There remains then, the issue of whether nations, even rogue nations, would
give or sell bombs or components to terrorists. Or why, as Steven very
reasonably asks, if Al Qaeda had fissionables, they haven't used them
already. I too, was taught that states with WMDs would keep close custody of an
item on which a large part of their power derived. Yet Saddam didn't
behave reasonably. He had no idea what he had in terms of WMDs.

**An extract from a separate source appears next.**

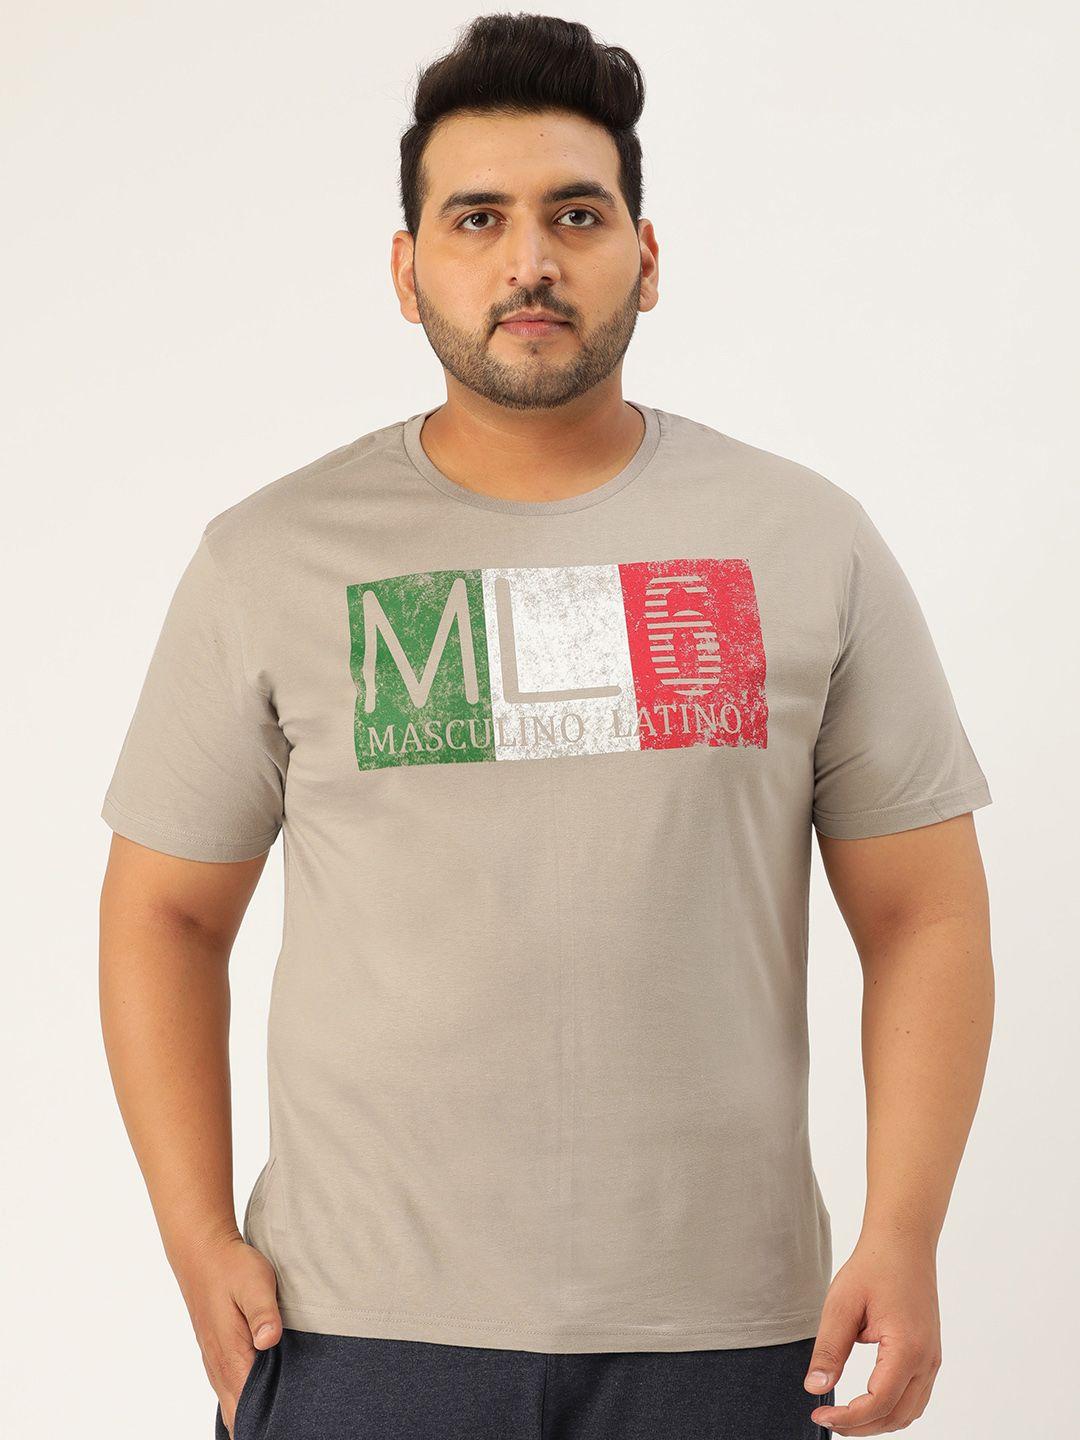 masculino latino men taupe printed round neck sports t-shirt

Kay believes that post-1998 corruption and deception was so endemic in
Iraq 's ruling circles and scientific community that Iraq constituted a major,
growing danger. But the real danger was to Iraq itself. Saddam, according to
Kay, was being massively deceived. Scientists would relate their progress in
developing weapons and toxins, outline next steps, and ask for (and receive)
money.
I think this is the weakest of Steven's otherwise strong arguments. One can't
plan on an estimate of enemy intentions, especially when that enemy might be
irrational. One must always plan on an estimate of enemy capabilities. And to
reiterate, President Bush seems to think that terrorists could acquire those
capabilities and that the probability is great enough to make a major effort to
stop it. Personally, I plead innocent to "hyping up" the threat.
Although our emotional reactions to the issue may differ, neither Steven nor the
Belmont Club ever quantified our level of belief in a given probability
of threat. And I believe it would be useless to try, given the uncertainty in the underlying variables. This is one argument which I sincerely hope to lose. Yet even if that
meant that we would be safe for another 10 years, it would bring me little
comfort. In that distant future my son will be 16 years old.